* [About this task]
Exactly the lines from the one holding "Cabinet craftsman" through the last line of the listing below must appear in the answer, and no pictures.

* [Material provided]
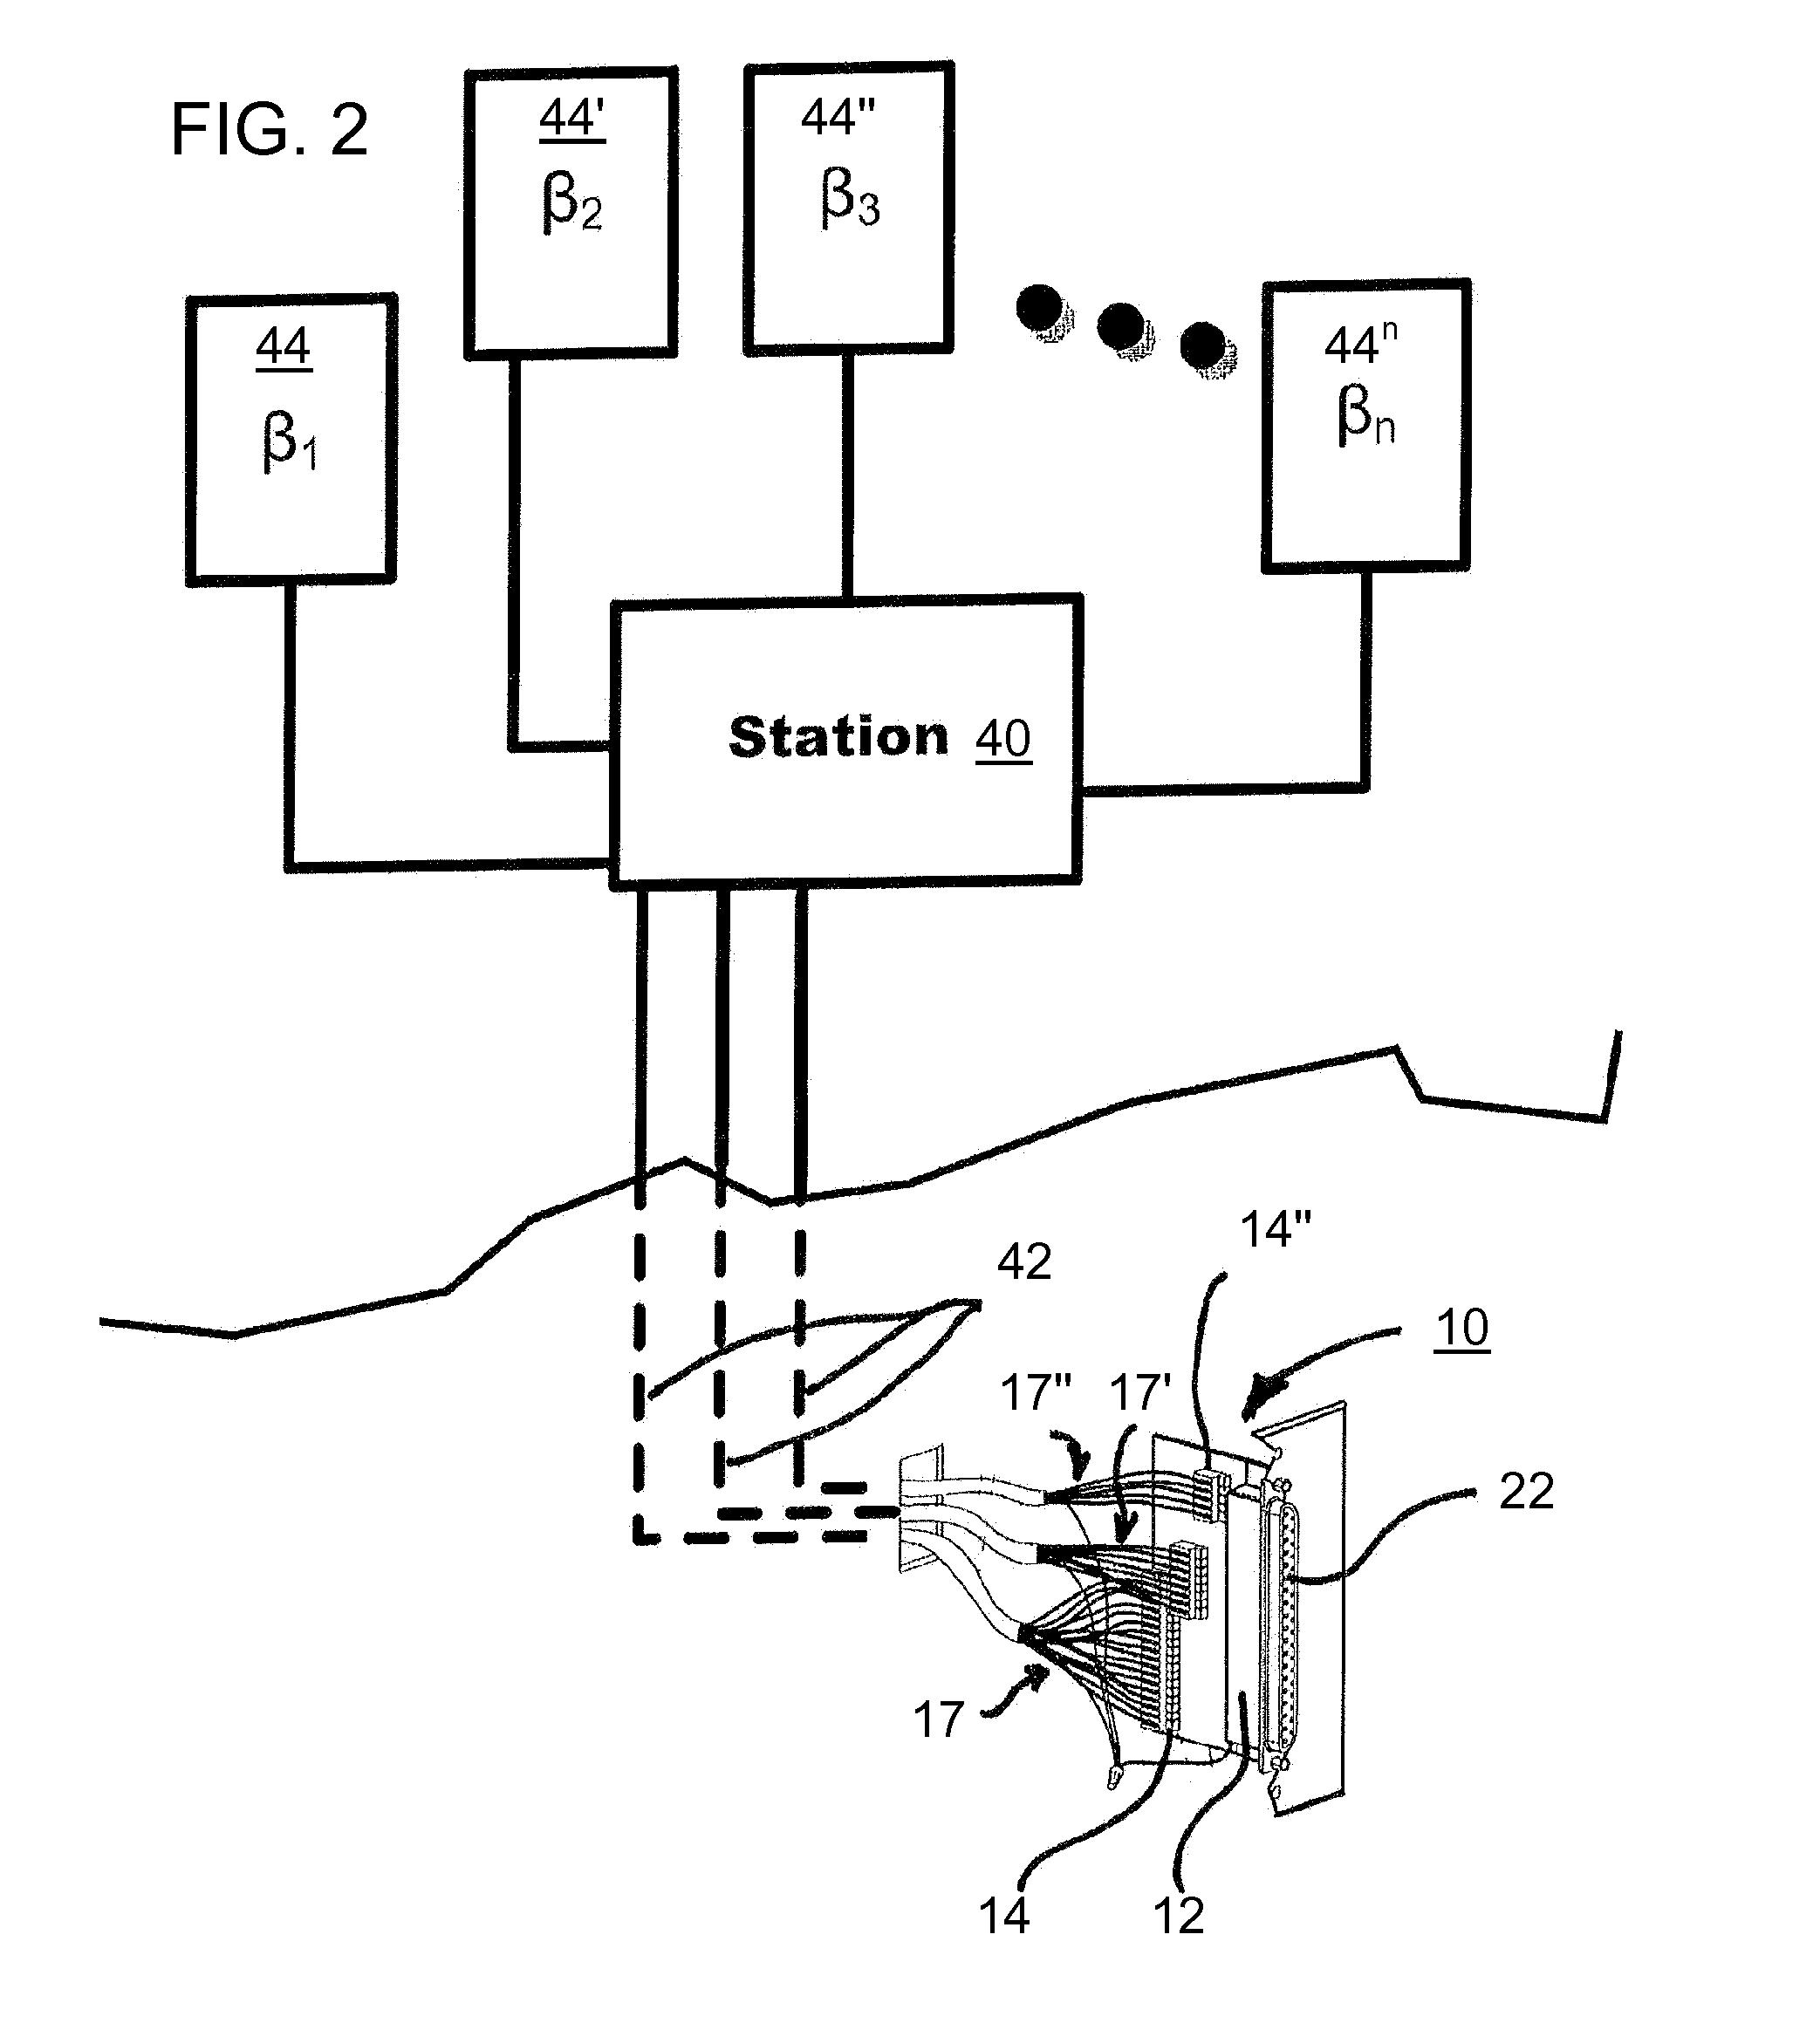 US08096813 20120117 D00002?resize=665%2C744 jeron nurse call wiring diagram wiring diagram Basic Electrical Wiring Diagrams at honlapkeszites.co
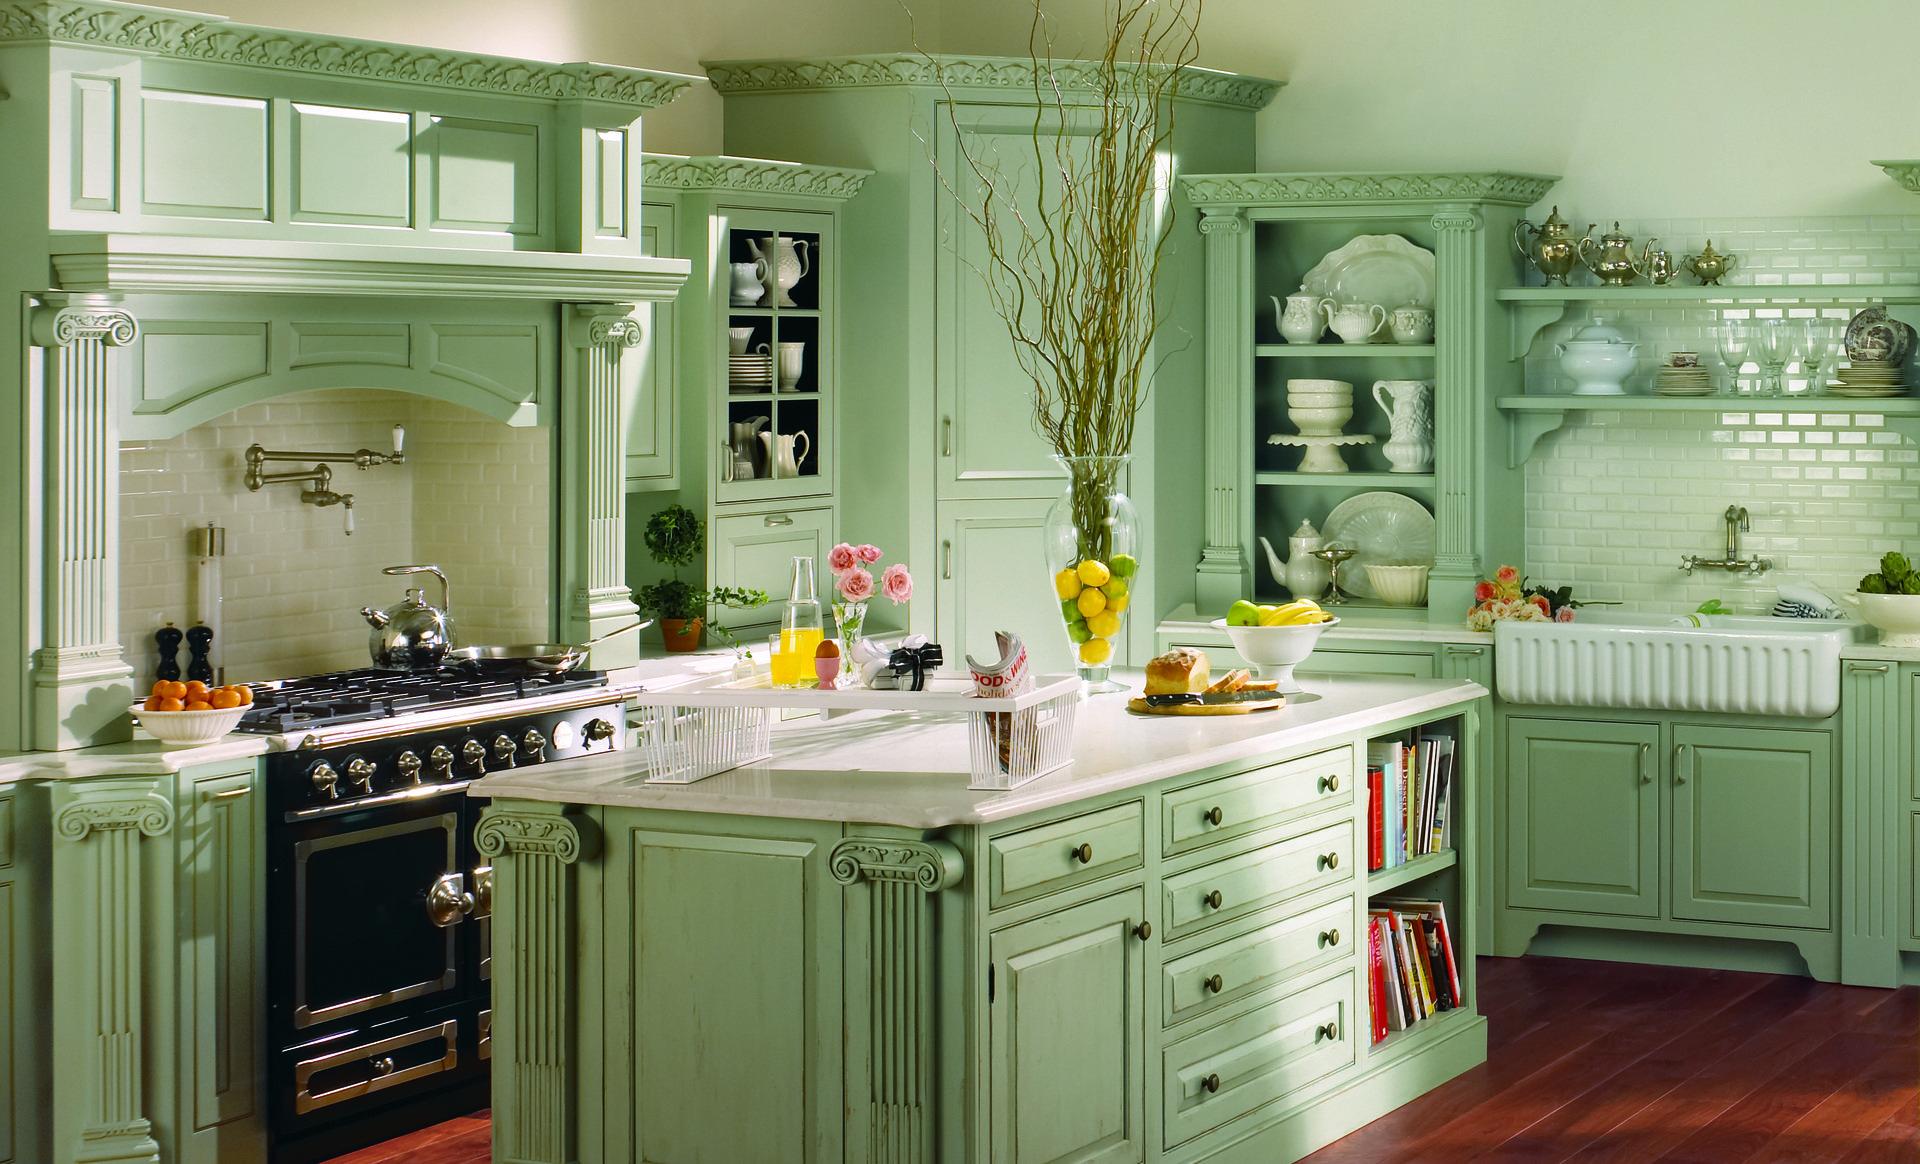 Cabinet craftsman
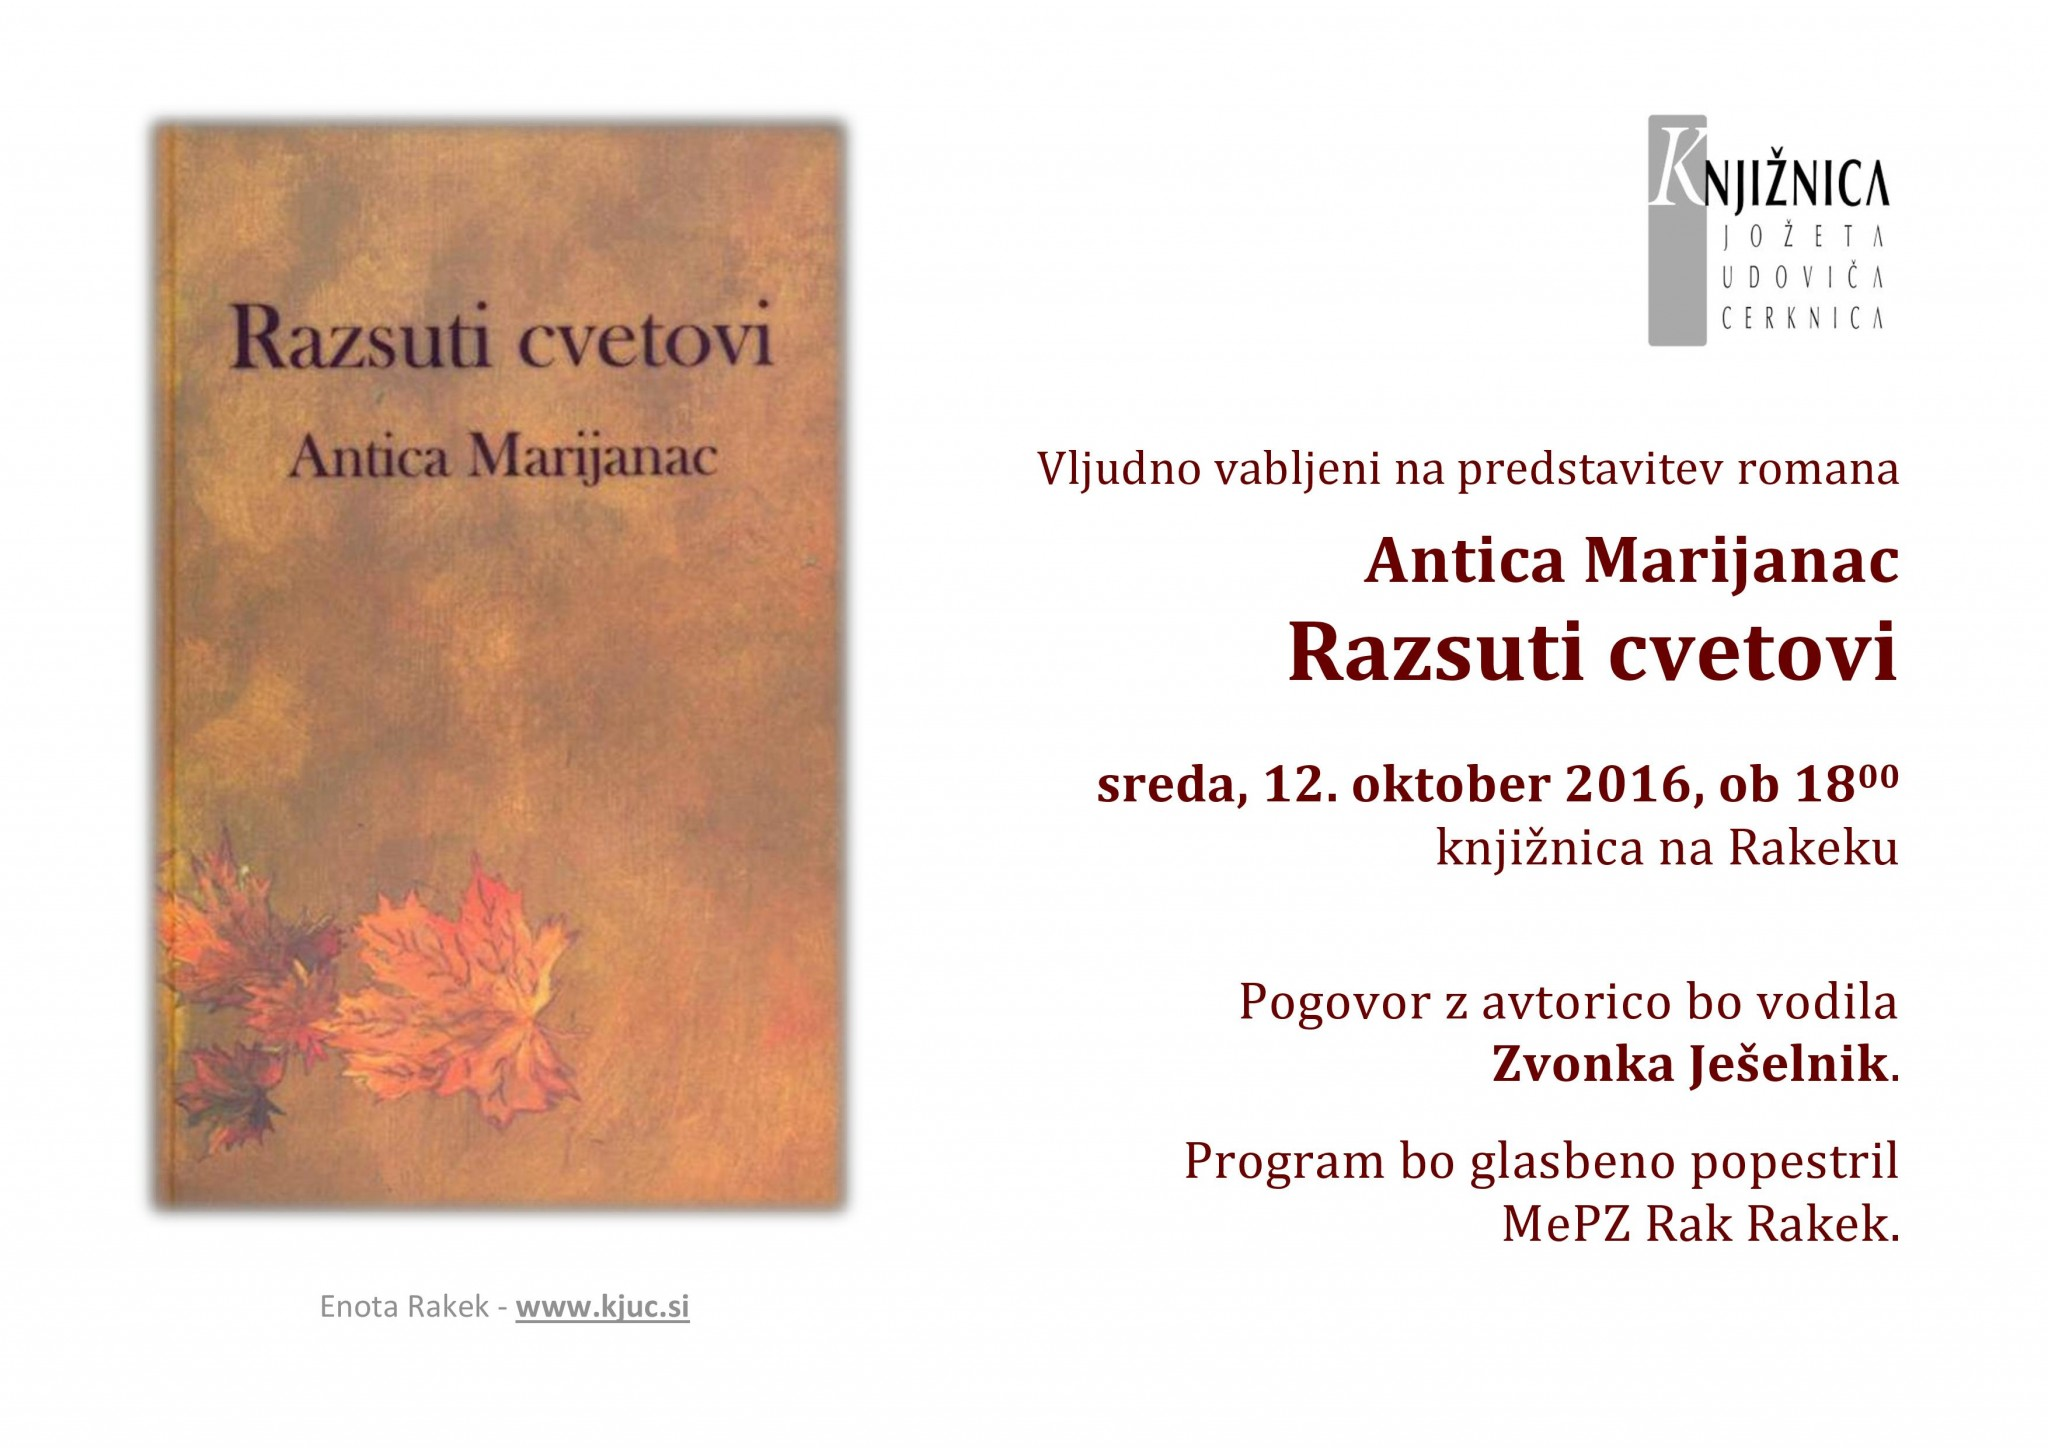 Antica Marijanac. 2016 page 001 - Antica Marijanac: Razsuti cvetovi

* [Answer to the problem]
 Cabinet craftsman
 Antica Marijanac. 2016 page 001 - Antica Marijanac: Razsuti cvetovi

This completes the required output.